Interestingly, moderate normobaric intermittent hypoxia (exposure to 10 cycle/day of 10% oxygen for 6 min for 21 days) showed improvement in the 3xTg-AD mouse model and was associated with increase in BDNF, erythropoietin (EPO) and improved spatial memory [92,93]. The exact mechanisms are still not known, but it is expected that HIF1a and the mitochondria are central in this process [94,95,96].
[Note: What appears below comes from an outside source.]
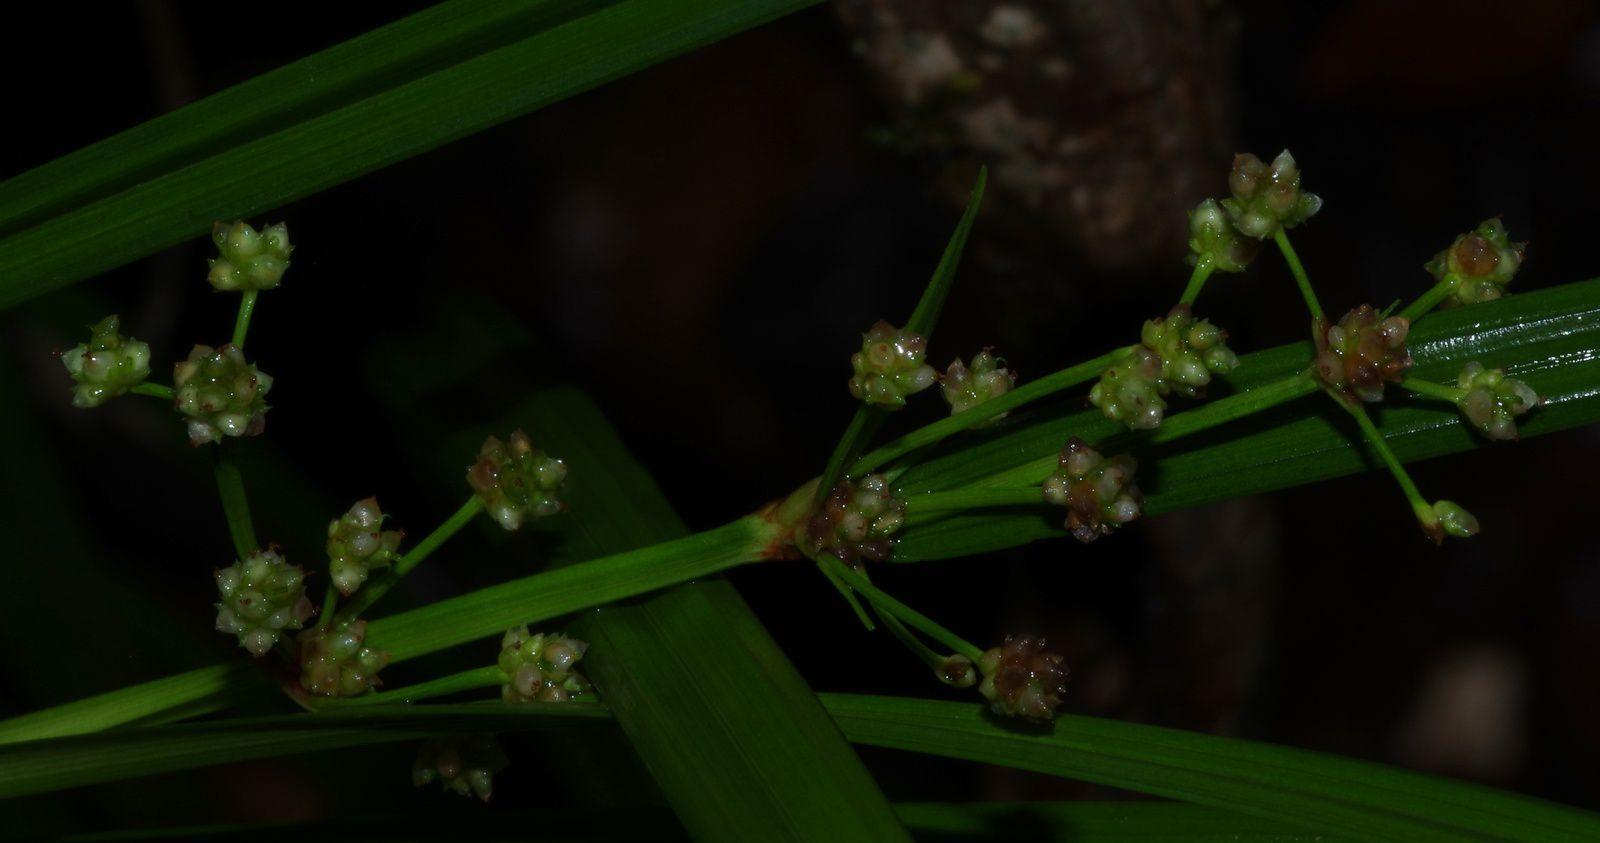 Calyptrocarya glomerulata

It should be noted that changes in SIRT1 have also been detected during and following physical exercise [97]. Similar to HBOT, physical exercise increases the consumption of oxygen and leads to elevation of ROS. This is accompanied by elevation of antioxidant and oxidative damage repair mechanisms, including the thiol antioxidants glutathione and thioredoxin. The antioxidant activity compensates for the exercise-induced ROS production and is part of the cellular and physiological processes involved in exercise [97]. Interestingly, exercise restores the level of SIRT1 in patients with neurodegenerative diseases and attenuates the severity of these diseases [98]. More research aimed to understand the effects of intermittent HBOT, physical exercise and intermittent hypoxia will lead to better understanding of the mechanisms of action and advantages and may lead to synergistic treatments or improvement in performance of these treatments.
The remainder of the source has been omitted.